La stiva di quel venerando piroscafo, superstite di tempi eroici, si riempiva di sparuti «coolies»,
poveri diavoli a brandelli, scaricati come merce tramite un’asse. Un bel giorno le lamiere corrose
dalla ruggine cederanno e un carico simile a quello affonderà insieme al piroscafo. L’assicurazione
pagherà e la Compagnia avrà ricavato il massimo dal suo materiale.
Fatto il biglietto, raggiunsi il ponte di prima attraverso l’apposita passerella. Da lì una scala saliva
al cassero di comando, dove troneggiava un grosso capitano cinese meticcio col berretto
supergallonato d’oro. Presi una sdraio, la trascinai all’ombra del cassero e mi ci sprofondai posando
la valigia accanto a me. Un «jet» militare mi aveva portato da Taipei, capitale di Formosa, a Hong
Kong – seicento chilometri – in un’ora. Me ne sarebbero occorse cinque per superare i cento
chilometri che mi separavano da Macao a bordo di quel trabiccolo!
Accesi una sigaretta, poiché l’odore era davvero spaventoso. A quello di spurgo proveniente dal
fiume si aggiungeva quello dei «coolies» ammassati nella stiva, puzzo di serraglio mal tenuto.
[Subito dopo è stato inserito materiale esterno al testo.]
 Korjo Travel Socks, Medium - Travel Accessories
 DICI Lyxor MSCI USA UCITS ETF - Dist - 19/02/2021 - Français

Anche il ponte di prima si riempiva: uomini d’affari gialli o europei, alcune donne gracidanti
intorno a degli uomini danarosi vestiti di tweed, due pastori e un gruppo di ragazzine con istitutrice,
probabilmente interne di un collegio di Hong Kong ricondotte alle loro famiglie a Macao.
Quasi tutti portavano occhiali neri, perché il sole incominciava ad accecare. Pensai di aver
dimenticato i miei e mi palpai le tasche imprecando. Poi li trovai nella fondina della mia Beretta,
sotto la spalla sinistra.
La sirena mugghiò, spruzzandoci di gocce d’acqua. Il capitano giallo, piantato sulle sue corte
gambe, con a fianco un tipo alto e magro che doveva essere il suo secondo, gridava qualcosa a un
agente della Compagnia sul pontone. A quanto capii, riteneva impossibile ficcare altra gente nella
stiva. Dei poliziotti sikh barbuti respinsero i ritardatari in lacrime mentre venivano ritirate le
passerelle. La sirena mugghiò di nuovo, coprendo le rumorose proteste. L’elica agitò violentemente
le acque fetide del fiume delle Perle e il «Magellano» si staccò dal pontone.
Finalmente un po’ d’aria! Mi diressi verso prua, ma tornai di volata a prendere la valigia. Mi
avevano avvertito: «Non abbandonatela, o sarà lei che vi abbandonerà!».
Arrivato vicino al cassero, m’interessai alla manovra di pilotaggio del «Magellano». Visibilmente
senza fiato, il povero vecchio piroscafo spremeva dalla sua macchina asmatica tutto ciò ch’essa
poteva dare, per restare governabile nella corrente raddoppiata dal riflusso della marea. Il suo
grosso capitano giallo moltiplicava gli ordini al timoniere, evitando delle giunche panciute o dei
gruppi di «sampans»
rimorchiati che si sforzavano di risalire il fiume che noi discendevamo.
Lo spettacolo mi stanca presto e ritorno alla mia sdraio, dove mi stendo per dormicchiare. Avevo
lasciato Taipei alle sei del mattino e il rombo assordante dei motori dei «jet» militari è logorante.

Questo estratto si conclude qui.